招生:依托中科大信息科学技术学院6系招生,通常每年有1个博士生指标,3个保研和1个统考硕士指标。欢迎对多模态人工智能、具身交互智能、视频理解与分析等方向感兴趣的同学联系。期待你:有想法、有能力、有态度,对研究有追求、有品位, Thinking beyond papers。 基本要求:计算机、信息科学、人工智能、自动化、电子信息类专业,成绩靠前(可保研)、英语6级or相当水平、德/智/体兼修。 有科研训练、信息类竞赛经验者优先考虑。最终录取同学需通过未来媒体计算实验室统一考核。
论文(详情见谷歌学术主页):
[1] Wang, Y., Xiao, J., Lyu, H., Wang, Y., Zuo, J., Zhang, Z., Huang, H., Wu, D., and Yao, A. Keep It in Mind: User Centric Continual Spatial Intelligence Reasoning in Egocentric Video Streams. International Conference on Machine Learning (ICML), 2026.
[2] Xiao, J., Zhang, S., Zhu, P., and Yao, A. Ego-grounding for personalized question-answering in egocentric videos. IEEE/CVF Conference on Computer Vision and Pattern Recognition (CVPR), 2026.
[3]Xiao, J., Chen, J., Sun, T., Yang, X., and Yao, A. MuKV: Multi-grained KV cache compression for long streaming video question-answering. IEEE/CVF Conference on Computer Vision and Pattern Recognition (CVPR), 2026.
[4] Li, L.-L., Fang, J., Xiao, J., Yu, H., Lv, C., Xue, J., Li, Z., and Chua, T.-S. ADVersa: Abductive driving accident video understanding. IEEE Transactions on Pattern Analysis and Machine Intelligence (TPAMI), 2026.
[5] Jung, M., Xiao, J., Zhang, B.-T., and Yao, A. On the consistency of video large language models in temporal comprehension. IEEE/CVF Conference on Computer Vision and Pattern Recognition (CVPR), 2025.

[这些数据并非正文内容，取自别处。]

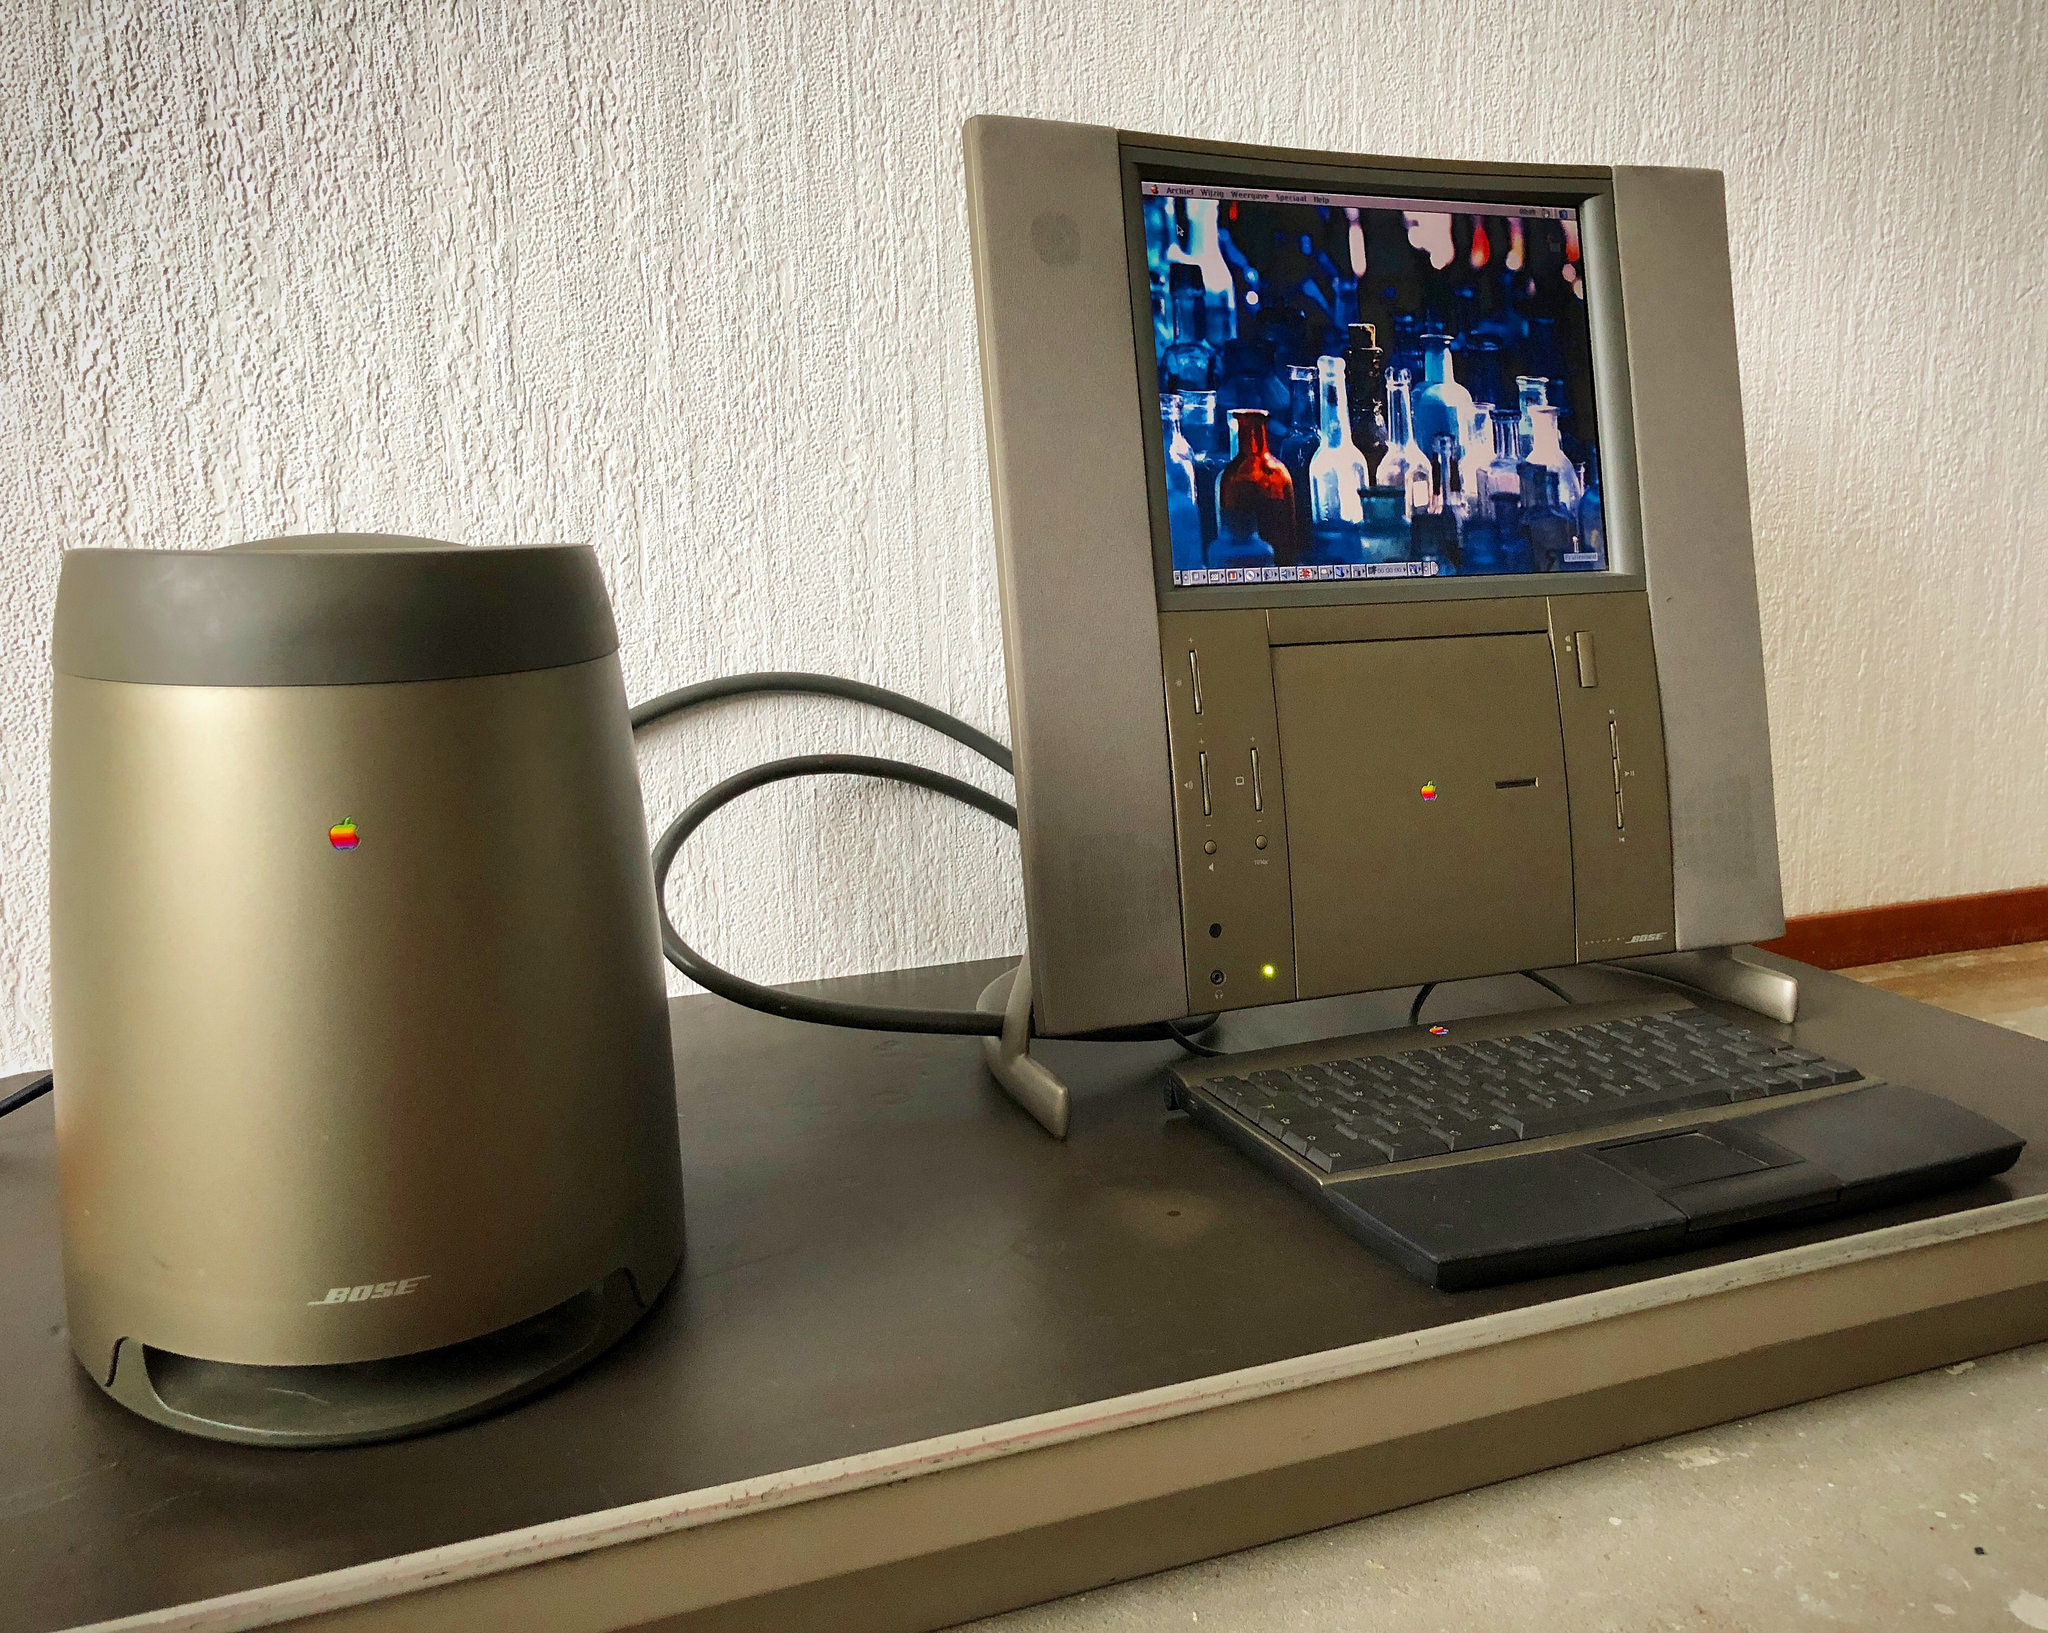 Limitirana, slavljenička edicija Macintosh računala s kojim su htjeli obilježiti 20 godina od prvog proizvedenog Apple kompjutera, sasvim jasno pokazuje koliko je Apple bio izgubljen bez Steve Jobsa. Naime, Jobs je Apple napustio u rujnu 1985. godine, a vratio se nakon Appleove blamaže s 20th Anniversary Macintosh 1997. godine. Pomalo ironično, ovaj je dizajnirao <b>Jony Ive</b>, jedan od ključnih Appleovih dizajnera u povijesti koji je postigao ogromne uspjehe nakon Jobsovog povratka u Apple.

[6] Zhou, S., Xiao, J., Li, Q., Li, Y., Yang, X., Guo, D., Wang, M., Chua, T.-S., and Yao, A. EgoTextVQA: Towards egocentric scene-text aware video question answering. IEEE/CVF Conference on Computer Vision and Pattern Recognition (CVPR), 2025.
[7] Sun, P., Xiao, J., Tse, T. H. E., Li, Y., Akula, A., and Yao, A. Visual intention grounding for egocentric assistants. IEEE/CVF International Conference on Computer Vision (ICCV), 2025.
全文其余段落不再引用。